In August 1977, I attended a cancer conference in Cape Town, where I met Arthur Hawtrey. Arthur was originally from Salisbury, Rhodesia. He told me that the University of Durban-Westville – which today is part of the University of KwaZulu-Natal – was looking for a lecturer in biochemistry, and I decided to apply for the position. It was a university for Indian students, forming part
of the apartheid structure of separate education for separate races. At the end of 1978, I left Johannesburg, the Wits Medical School, and my wife, and moved to Durban to take up my new position in the academic world.

I rapidly discovered that the ethnic universities were a sham. The theory was that these universities should be ‘separate but equal’. It was certainly separate, but definitely not equal. Many people who taught there were so lacking in ability that they could not have taught anywhere else. Some were excellent, though: Arthur Hawtrey, the head of biochemistry, for example, was probably one of the finest chemists this country has ever seen.

The university was riddled with politics, and tear gas was frequently used by the police on the campus. The students were unhappy, the staff members were unhappy, and the whole place was fraught with tension. The research facilities were very elementary, and the bureaucracy stifling.

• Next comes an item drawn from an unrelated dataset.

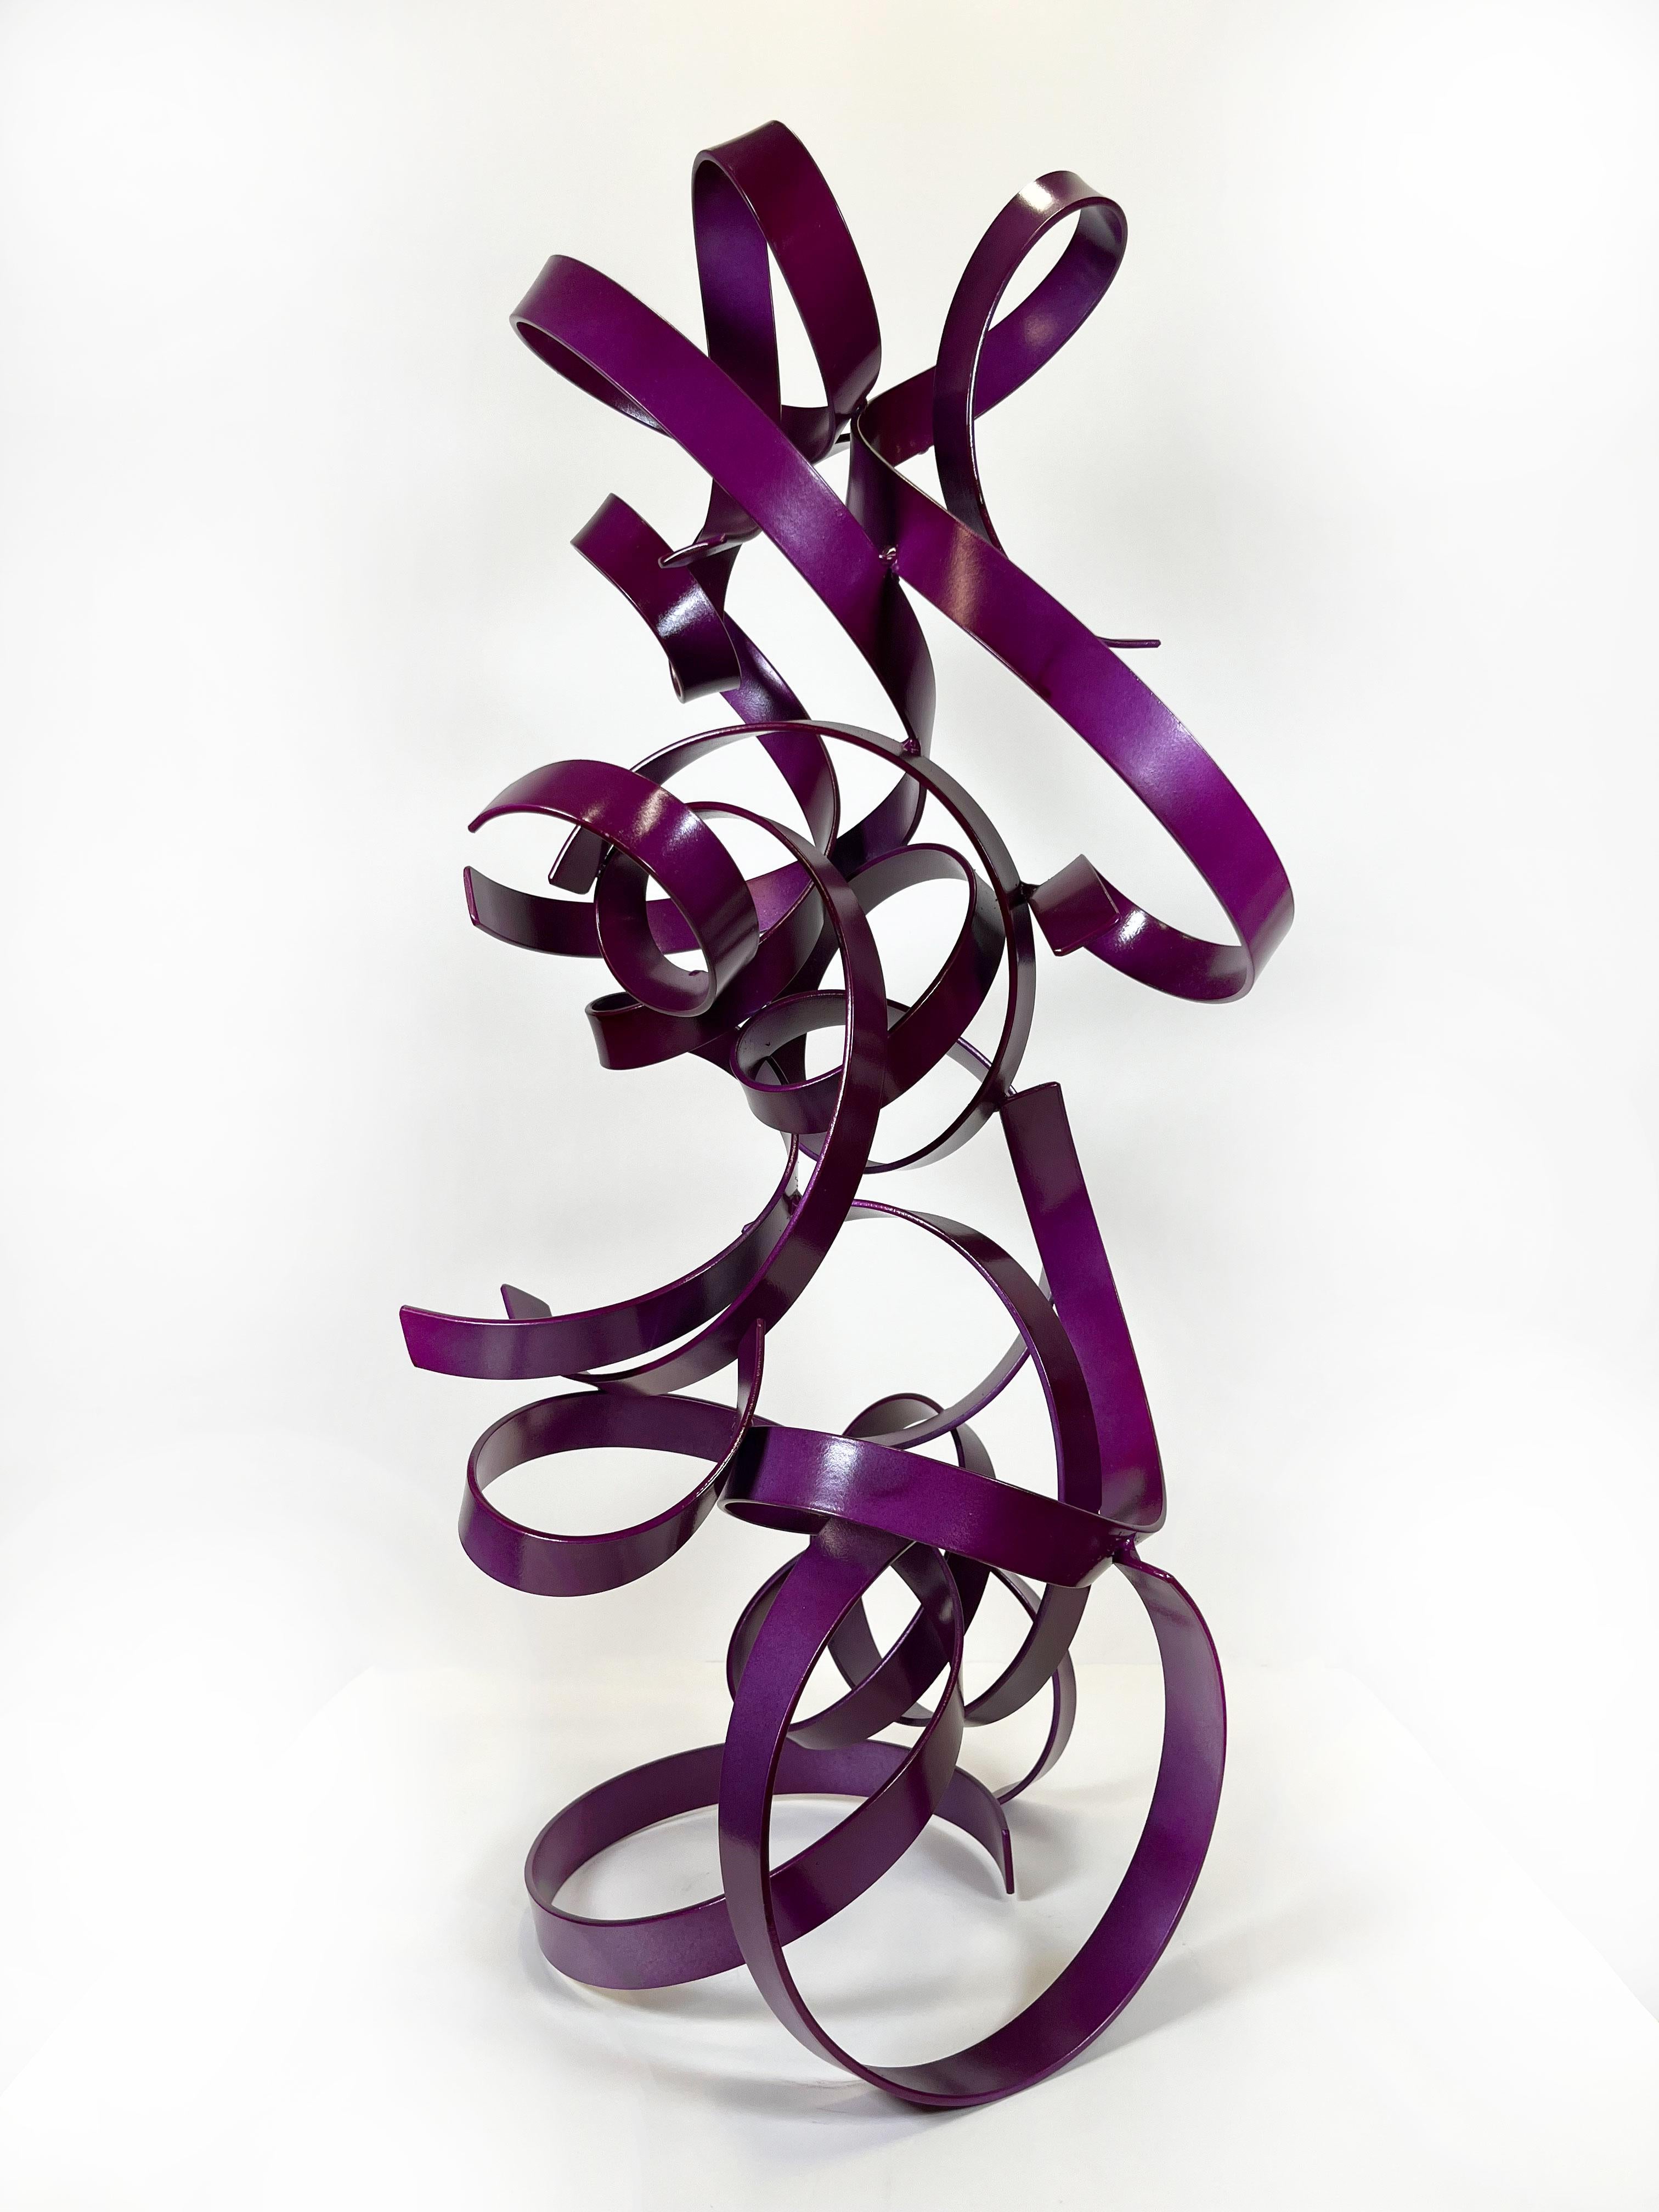 Beautiful Purple Chaos colorful metal 3D sculpture made of bent steel  - Art by Slavo Cech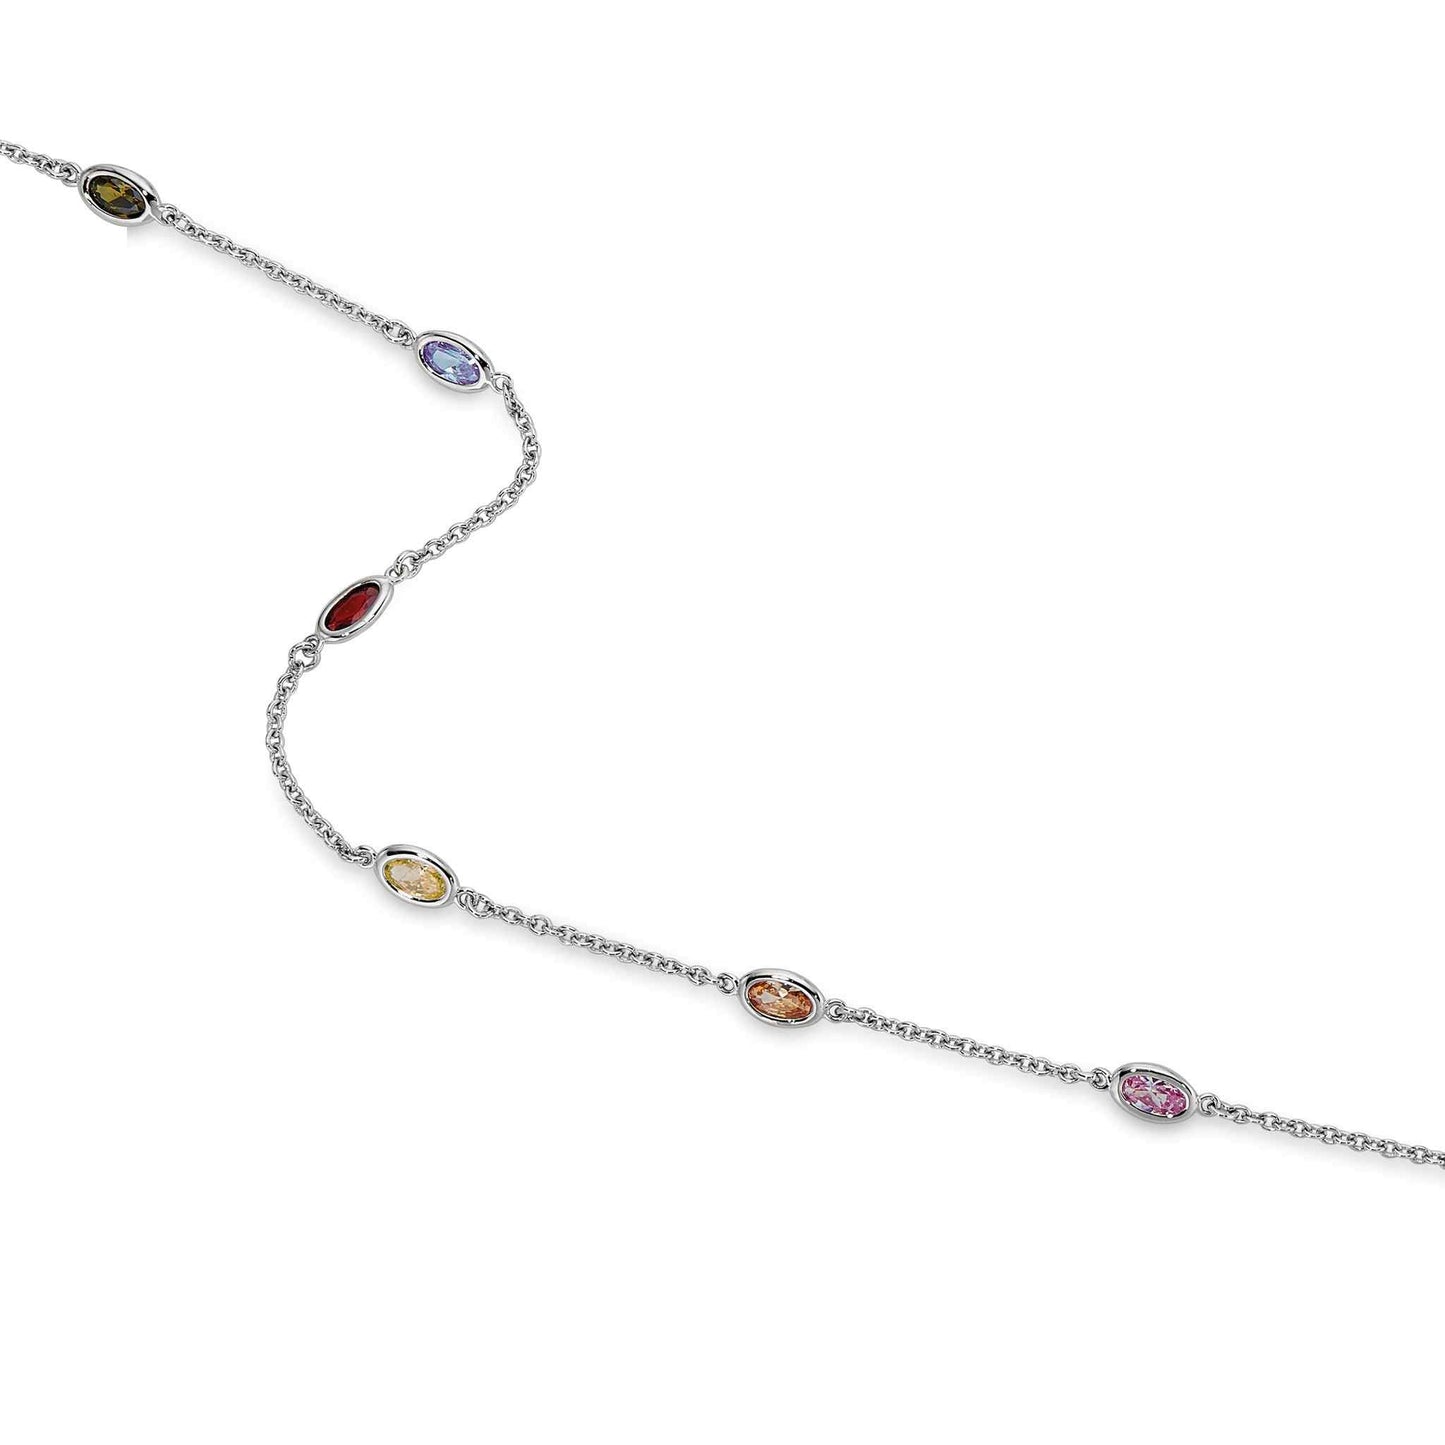 A station necklace with colored stones displayed on a neutral white background.

It was as if I was starting out yet again when I moved to Durban. I had left my marriage with very little – a few rugs, a desk and my books. I had nothing else – no stove, bed, linen, fridge, or even pots and pans. One morning I went to a local furniture store and furnished my flat, using my credit card to pay. I woke up late that night in a cold sweat, realising that I had no way of paying back the enormous debt that I had just incurred.

At about 1 a.m., I took a pair of scissors and cut up my credit card, then applied my mind to making extra money. Durban has the highest median age of people living in South Africa, and women outlive men, so I concluded that there must be many elderly women who needed help with basic handyman chores. I took my last twenty rand and used this to have a sign made, which read ‘Handyman. No job too small’ with my telephone number. I approached a hardware store in Musgrave Centre and agreed to buy all my materials from them if they displayed my sign in their window. My phone didn’t stop ringing, and I was in business!

I was lecturing during the day, and in the evenings and over
weekends I would return messages, give quotes and carry out the handyman work. It was all work that I was capable of – fixing windows, hanging doors and other minor repair work.

One day I received a call to quote on fitting out a poodle parlour. The business premises were brand new and, on arrival, I realised that this was way beyond my elementary carpentry talents. I provided an outrageous quote, hoping never to hear from the owners again, but an hour later my phone rang. The chap who came to quote after me had been as drunk as a skunk, and they wanted me to do the job!

There were some men working at the university building on a new addition, and I approached the foreman to ask him if there was a carpenter on his team looking for after-hours work. Jerry Sewnarain came to work for me, and for the next two years we ran around Durban doing a wide range of handyman work. It was the only time in my life that I actually had cash in my pocket.

There was a constant demand for wooden window frames to be replaced in Durban, as the humidity meant that they used to rot quite quickly. One day we were called in to do some work at a house of a very snooty woman, whose husband was a senior anaesthetist in the city. When we arrived at her house, she served us tea in a jam tin and had the maid keep an eye on us in case we stole the spoons!